Research topic: Quantum machine learning force fields for molecule-protein interactions
Project description: Computational modelling of drug-protein binding is of vital importance in the modern drug discovery pipeline as it mitigates the cost, time, and resources required to screen novel candidates for biological targets, genetic studies, molecular biology, and gene technology. The challenge in these investigations is two-fold: (1) even slight inaccuracies of 1 kcal/mol in the prediction of energetics in biological systems can lead to erroneous conclusions, (2) the large size of drug-protein systems means that the use of highly accurate quantum-mechanical (QM) methods is not viable. Hence, it is a grand challenge to develop efficient biomolecular force fields that can achieve and exceed stringent accuracy requirements (1 kcal/mol in binding energies) while being efficient enough for modelling drug-protein binding in atomistic detail. The ESR will work on developing reliable machine learning (ML) force field trained on QM data for obtaining dynamical insights into molecule-protein systems. The major outcomes will be a) generation of a QM dataset of equilibrium and non-equilibrium conformations of large/complex molecular systems under the influence of (implicit/explicit) solvent; b) Development of QM/ML models that account for the main features describing molecule-protein systems (e.g., intramolecular interaction, intermolecular interaction, and interaction with chemical environment) in collaboration with Julian Cremer; c) methodology of plugging the developed method into One-chemistry model in collaboration with other ESRs.

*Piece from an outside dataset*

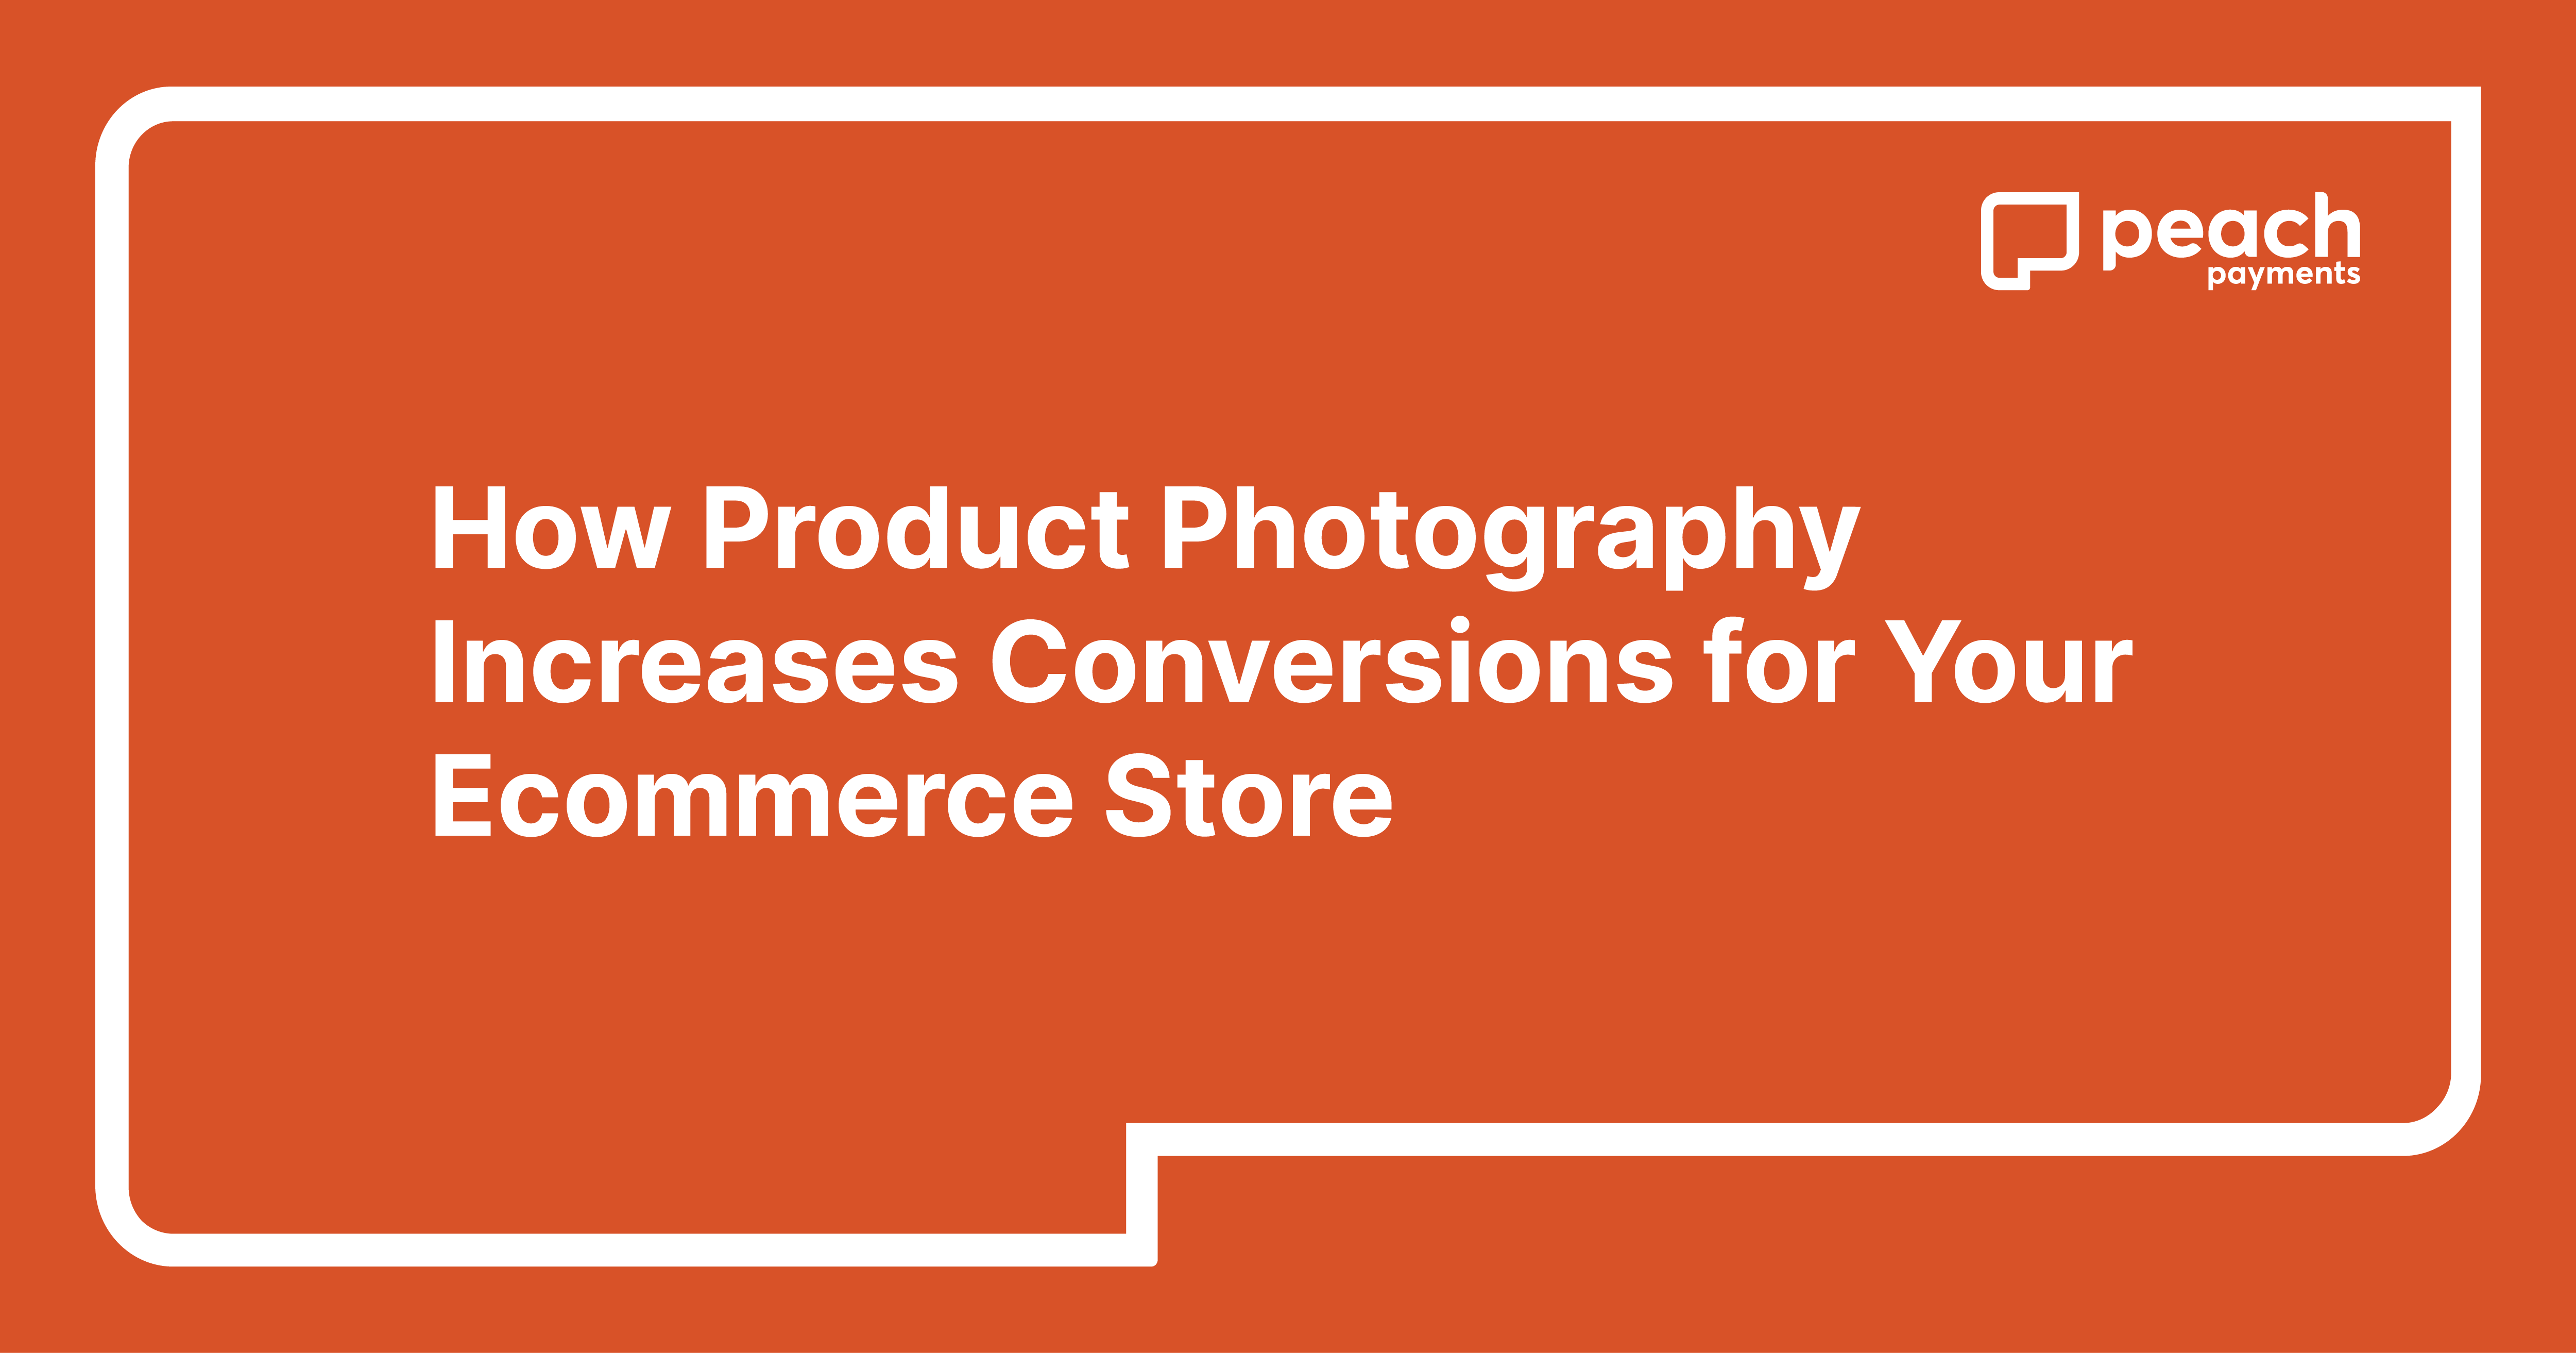 How product photography increases conversions for your ecommerce store

Personal introduction: During my Master’s in Physics of Complex Systems at the University of Torino (Italy), I learned how to apply mathematical and statistical techniques to model and describe systems composed of a great number of interacting units and degrees of freedom. In particular, I focused on biophysics and machine learning. I did an internship at K.I.T. of Karlsruhe where I applied AI models to an astroparticle physics problem. I ended my Master’s with a thesis in bioinformatics, carried out under the supervision of a researcher at ENS Paris. The aim of the project was the automated classification of cell types from single-cell RNA sequencing data, using an architecture based on the Hopfield model.
I applied for a Ph.D. in the AIDD consortium because it’s an interdisciplinary and motivating environment. Here, I’ll be able to combine my knowledge in biophysics, machine learning, and quantum mechanics (obtained during my Bachelor’s in Physics) and apply them to the challenging context of drug discovery.